The input end of the signal output unit receives the control signal output by the signal processing unit, and the output end of the signal output unit outputs the control signal to the on-off switch.

The input end of the on-off switch is connected with the output end of the signal output unit, and the output end of the on-off switch is connected with an ADRC (advanced digital reactivity meter) which is used for calculating the reactivity during the critical and zero-power test of the reactor; specifically, the input end of the on-off switch receives a control signal, and is switched on or off according to the received control signal to control the on or off of the ADRC, so that automatic control can be achieved without human intervention in the dynamic rod carving process.

The above disclosure is only for the purpose of illustrating the preferred embodiments of the present invention, and it is therefore to be understood that the utility model is not limited by the scope of the appended claims.

Claims

1. A stick motion signal generator for a control stick, comprising: the signal acquisition unit, the signal processing unit and the signal output unit are connected in sequence;

2. The control rod stick motion signal generator as set forth in claim 1, further comprising: and the input end of the on-off switch is connected with the output end of the signal output unit, and the output end of the on-off switch is connected with the ADRC.
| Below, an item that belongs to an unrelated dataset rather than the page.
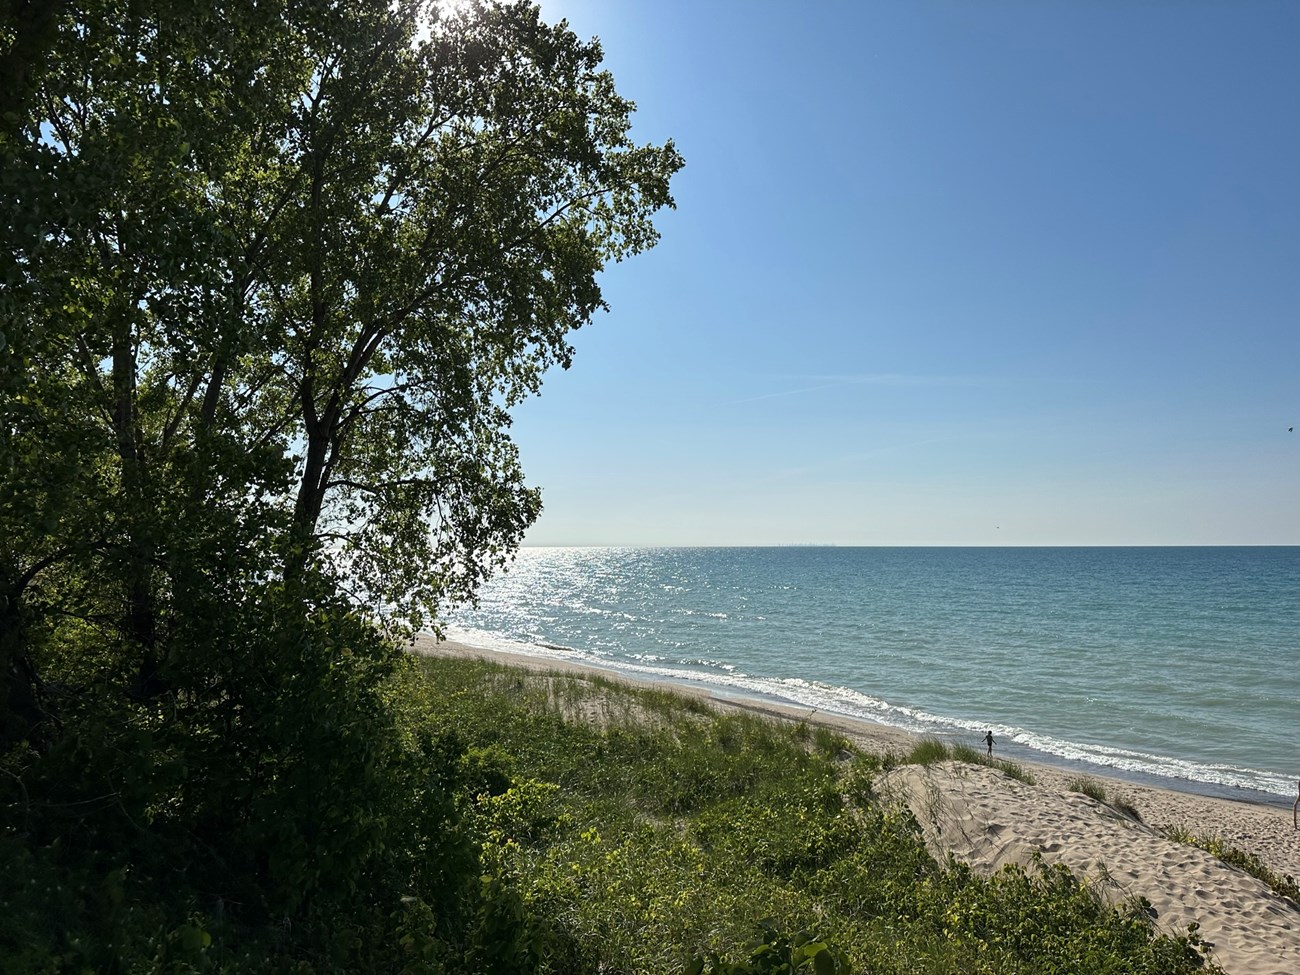 Sandy beach along the glistening blue waters of Lake Michigan. Blue sky above the lake. A ridge of sand along the beach has grassy vegetation and sporadic trees.
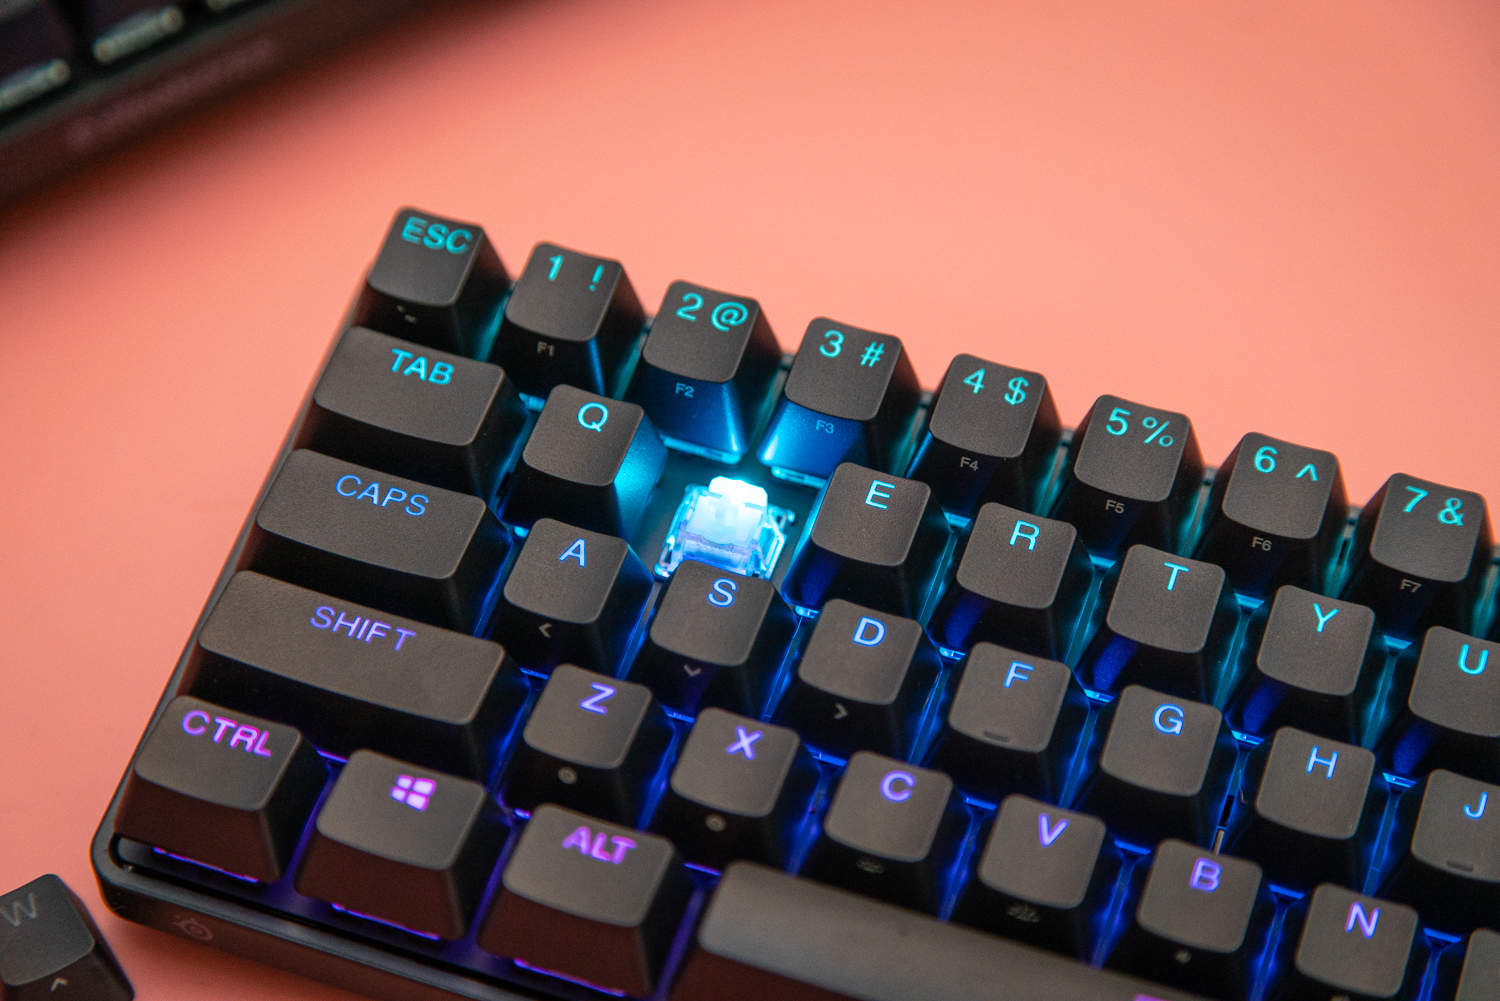 SteelSeries Apex Pro Mini Review: Everything and the Kitchen Sink

3. The control rod stick motion signal generator as set forth in claim 2, wherein the signal acquisition unit is provided with at least nine sets of control rod signal interfaces, each set of control rod signal interfaces being connected to one control rod, each set of control rod signal interfaces acquiring a connected control rod bit voltage, an output of each set of control rod signal interfaces being connected to the signal processing unit.

4. The control rod movement signal generator as set forth in claim 3, wherein the input terminals of the signal processing unit are respectively connected to the plurality of control rod signal interfaces to receive the control rod position voltage collected by each group of control rod signal interfaces.

5. The control rod stick motion signal generator as set forth in claim 4, wherein the input terminal of the signal output unit receives the control signal output from the signal processing unit, and the output terminal of the signal output unit outputs the control signal to the on-off switch.

6. The control rod motion signal generator as set forth in claim 5, wherein the on-off switch input receives a control signal, and is turned on or off according to the received control signal for controlling the turning on or off of the ADRC.